NEW YORK -- Crystal Powers began a new job remotely in February 2022 as a medical records supervisor. She has yet to meet two of the five people who report to her in person and has found it challenging to bond with her fellow managers online.
“I was used to that face-to-face of going into people’s cubicles and talking with them one-on-one. It just doesn’t translate as well to a remote environment," said the 42-year-old Powers, who lives in Madison, Wisconsin.
Just 2 in 10 adult U.S. employees say they definitely have a “best friend” at work, according to a quarterly Gallup survey done in June 2022. The percentage under age 35 dropped by 3 points when compared to pre-pandemic 2019, to 21% from 24%, said Gallup workplace and well-being researcher Jim Harter. There was no such change for workers 35 and up, he said.
Having a best friend at work has become even more important since the dramatic rise in remote and hybrid employment, Harter said.
“We’re seeing in the data that younger people in general are feeling more disconnected from their workplaces,” he said. “You can attribute some of that potentially to remote work. If they’re less connected to their workplace, they have fewer opportunities to connect with other colleagues and to develop those kinds of friendships that they might have had in the past.”
For many employees during the pandemic, particularly parents, educators and frontline workers, such friendships offered social and emotional support at a critical time, Gallup said.
They also benefited employers. Gallup found a strong link between workers with best friends on the job and profitability, safety, inventory control and retention.
Employees who have a bestie at work are significantly more likely to engage customers and internal partners, get more done in less time, support a safe workplace with fewer accidents, and innovate and share ideas, according to the research.
Karen Piatt started a new job with a medical relief nonprofit just a few weeks into the pandemic lockdowns of 2020. She did all of her interviewing for the post online and works remotely full time.
“It's the first time in my 25-year career that I was hired for a job without meeting the hiring manager in person,” said the 52-year-old Piatt, who lives just outside Seattle. “It was nearly two years until I met my colleagues face-to-face."
When she finally did, at a retreat last year, “it was really special,” she said. “We hugged and talked as if we had known each other for years. In fact, we had.”
Best friends on the job are just one piece of the puzzle when it comes to workers' well-being and added value to employers, Harter said. Without strong positive feelings for an employer, "You can have friendships at work that are likely to be dysfunctional and probably turn into gripe sessions.”
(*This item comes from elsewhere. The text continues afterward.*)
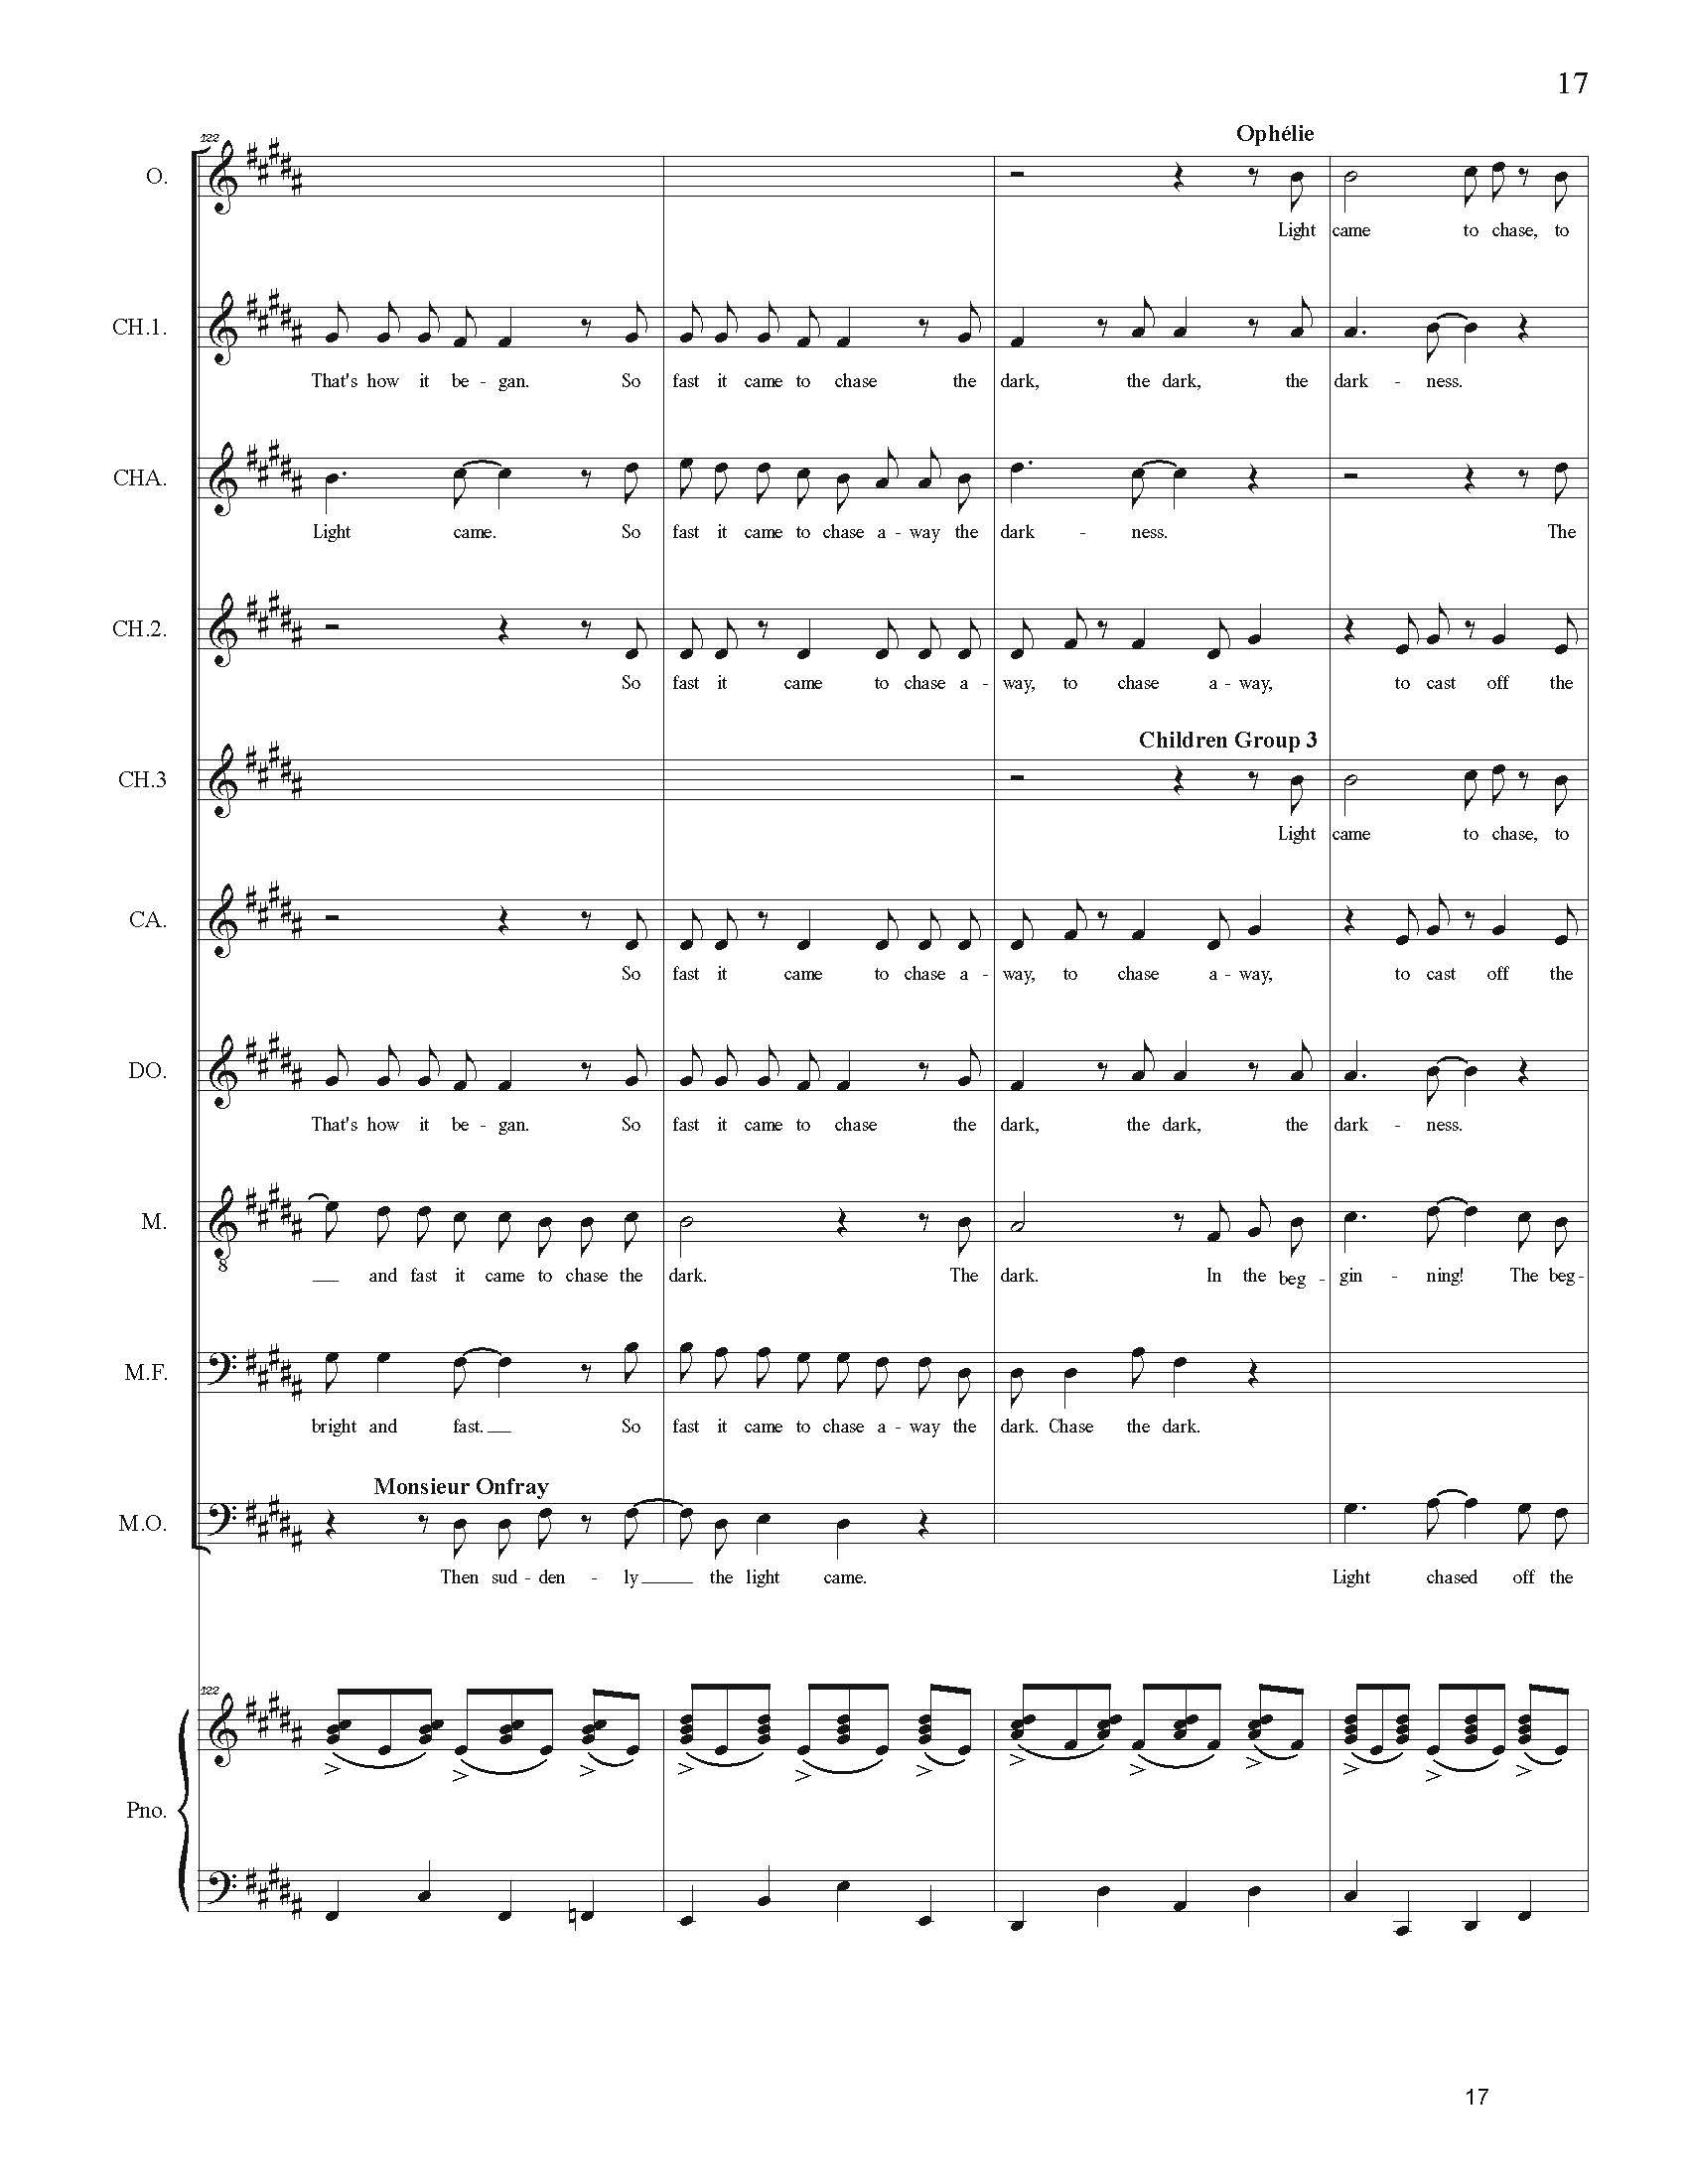 FULL PIANO VOCAL SCORE DRAFT 1 - Score_Page_017.jpg

Powers said her team is mostly nearing retirement age. One is younger than she is. She is the only manager hired since the pandemic who is handling a full-time remote staff. Team building has been challenging.
“They're not super-interested in doing icebreaker-type stuff or things like trivia get-togethers,” she said.
Most of her staff live about 45 minutes away from the office and were commuting in before the pandemic. Powers knows her team has casual, digital get-togethers without her. She does biweekly check-ins with each.
“It's been more challenging than it has been in past positions to get buy-ins on things and earn the trust in me as a supervisor, because they still don’t really know me," she said.
Yet Powers likes working remotely.
“I'm hopeful that over time we'll come up with strategies to better engage both with our colleagues and with our subordinates to make it successful,” she said.
Henry Crabtree, 26, in London, said that when you have work friends, “You're not only working with each other but for each other."
He was hired in December 2021 onto a small marketing team for a software company that has workers around the globe.
“Seeing each other outside work, especially when colleagues are over from other countries, really helps forge these friendships," he said.
Harter draws a distinction between levels of trust among work besties and more casual work friends.
“It's a lot more difficult to establish close kinds of relationships when you’re more distant,” he said.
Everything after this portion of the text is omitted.